1628–1881 Korean military camp

The Royal Guard Command was a military camp of the Five Army Camps established in the central region of late Joseon Korea, which served as the royal guard for the king. After the Injo Coup, King Injo of Joseon who advocated a hardline policy against the Later Jin (formerly known as the Houjin), selected and trained the Hwapogun (화포군, artillery troops) as part of his plan to personally conquer the Later Jin. This force remained as the king's guard unit and developed into the Royal Guard Command. Along with the Military Training Agency responsible for the defense of the capital, it became the core of the central army. Following the Jeongmyo and Byeongjahoran invasions, the Royal Guard Command established a large-scale and systematic military camp system centered around the Royal Guard General (Eoyongdaejang, (어영대장).

==Background==
In 1592 (the 25th year of King Seonjo's reign), when a Japanese army of about 200,000 invaded Joseon, the central military system ranked fifth in the early Joseon period and the regional defense system of jingwan (鎭管) and jeseungbangnyak (制勝方略) failed to fulfill their roles. Therefore, the royal court raised the need for a new military organization and expedited the reorganization of the military system to overcome the war.

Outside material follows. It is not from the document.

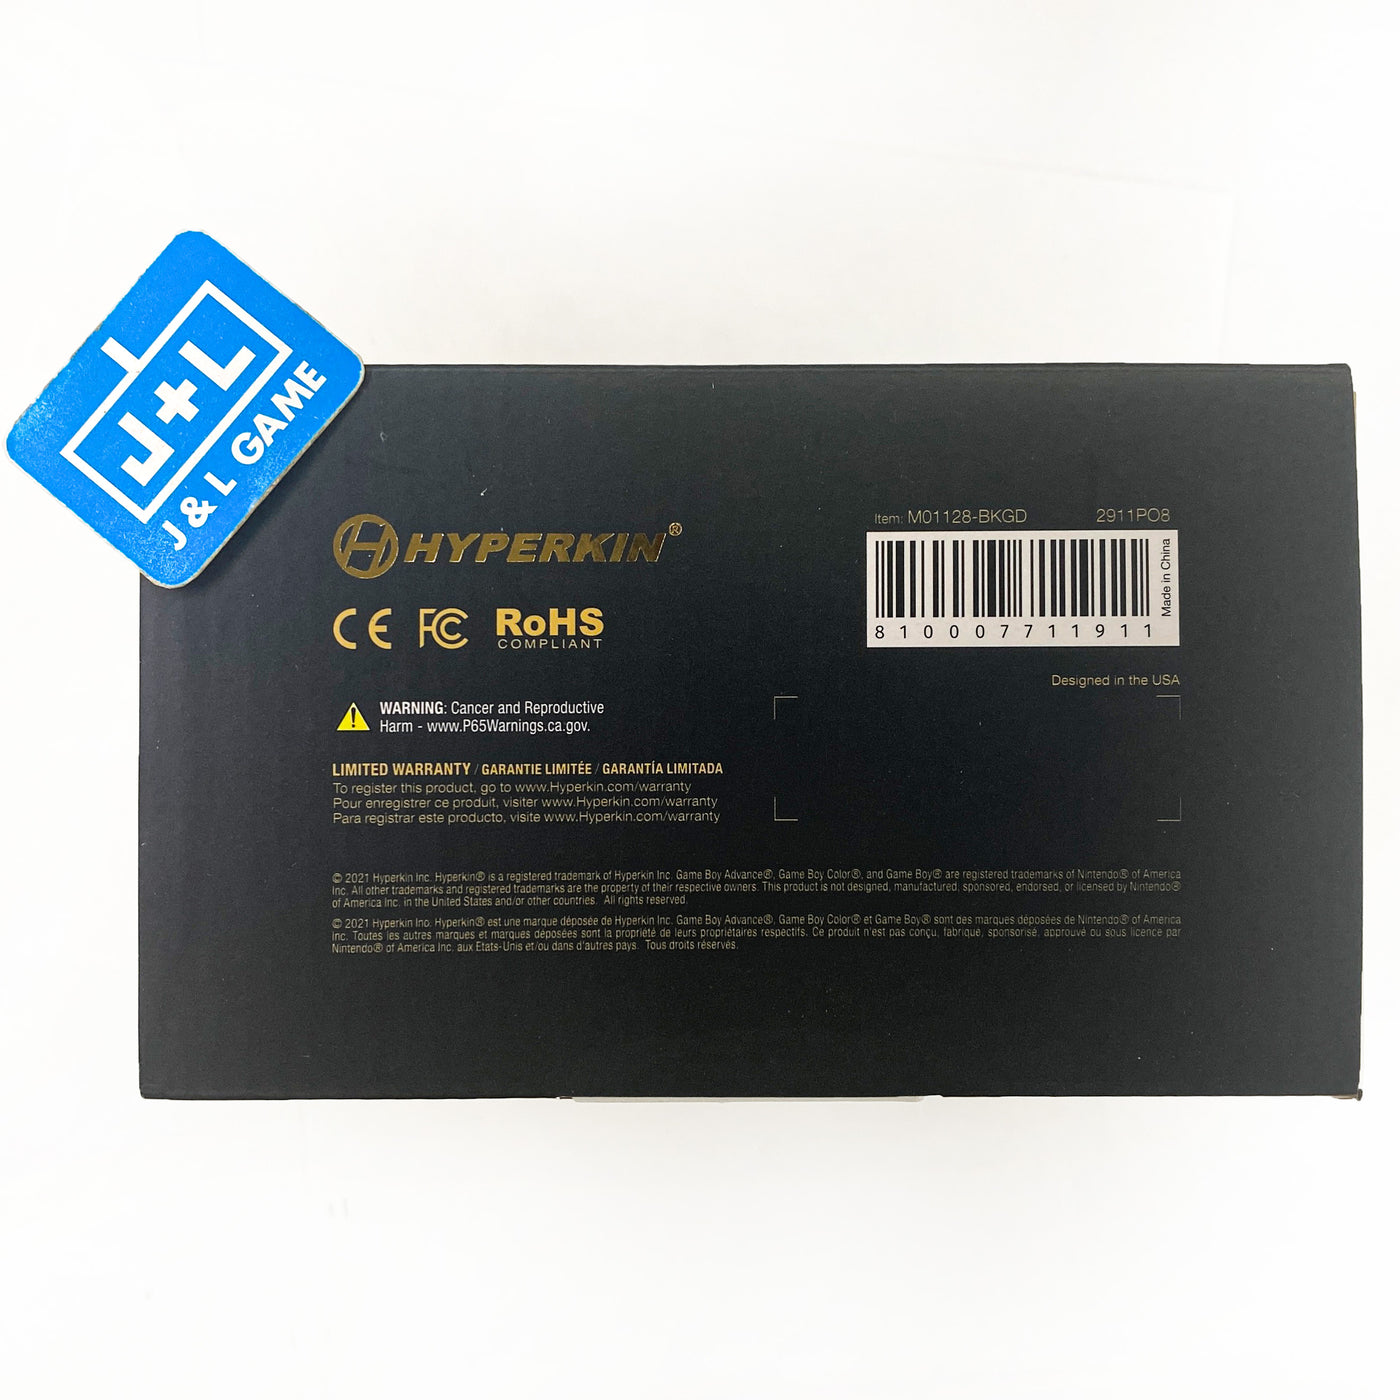 Hyperkin RetroN Sq: HD Gaming Console for Game Boy/Color/ Game Boy Advance (Black & Gold) - Game Boy Advance CONSOLE Hyperkin

The organization of the new military institution played a significant role in the Ming Dynasty's military tactics. During the Imjin War, when 40,000 Ming soldiers came to assist Joseon, General Nak Sang-ji (駱尙志) of the Ming Dynasty mentioned the importance of military training to Yu Sŏngnyong. Upon receiving the permission of King Seonjo, Liu Sung-ryong trained Nak Sang-ji in military tactics, including the use of weapons such as gongbang (棍棒), deungpae (籐牌), nangseon (狼筅), jangchang (長鎗), dangpa (鐺鈀), and ssangsudo (雙手刀).

==Establishment==
The Royal Guard Command was established In response to the turbulent domestic situation caused by the Injo Coup of 1623 and increasing pressure from the Later Jin Dynasty. King Injo took a hard line against the later kings. Particularly, the Seoin faction of the Injo administration, unlike during the reign of King Gwanghae, advocated a strong policy towards the Later Jin and recognized the need for countermeasures. In such a situation, rather than waiting for the Later Jin's invasion, the Seoin faction actively planned a military expedition against them. To implement this plan, King Injo himself would go to Gaeseong as the expedition's leader. Lee Gwi (李貴), a prominent figure in Gaeseong, was appointed as Eoyungsa (御戎使) and had him select and train about 260 fire artillery troops. The defense of the capital city would be entrusted to Han Jun-geon, a high-ranking officer, while Lee Gui would be appointed as the resident commander and the commander of the Royal Guard in Kaesong. The appointment of officers to prepare for a potential Later Jin invasion became the pioneering measure for the establishment of Eoyeongcheong. But due to the delay in the King's departure, Lee Gui stepped down from his position and returned to civilian life. King Injo’s plan for his own home was not put into action. However, the soldiers recruited by Lee Gwi were not disbanded, and Lee Gwi, who had retired from Gaeseong exile in the first month of 1624 (the 2nd year of King Injo's reign), was assigned to guard the king as Eoyongsa (御營使). The establishment and operation of Royal Guard Command can be seen as significant due to the movement to identify and improve the problems within the Training Department and implement new military reforms.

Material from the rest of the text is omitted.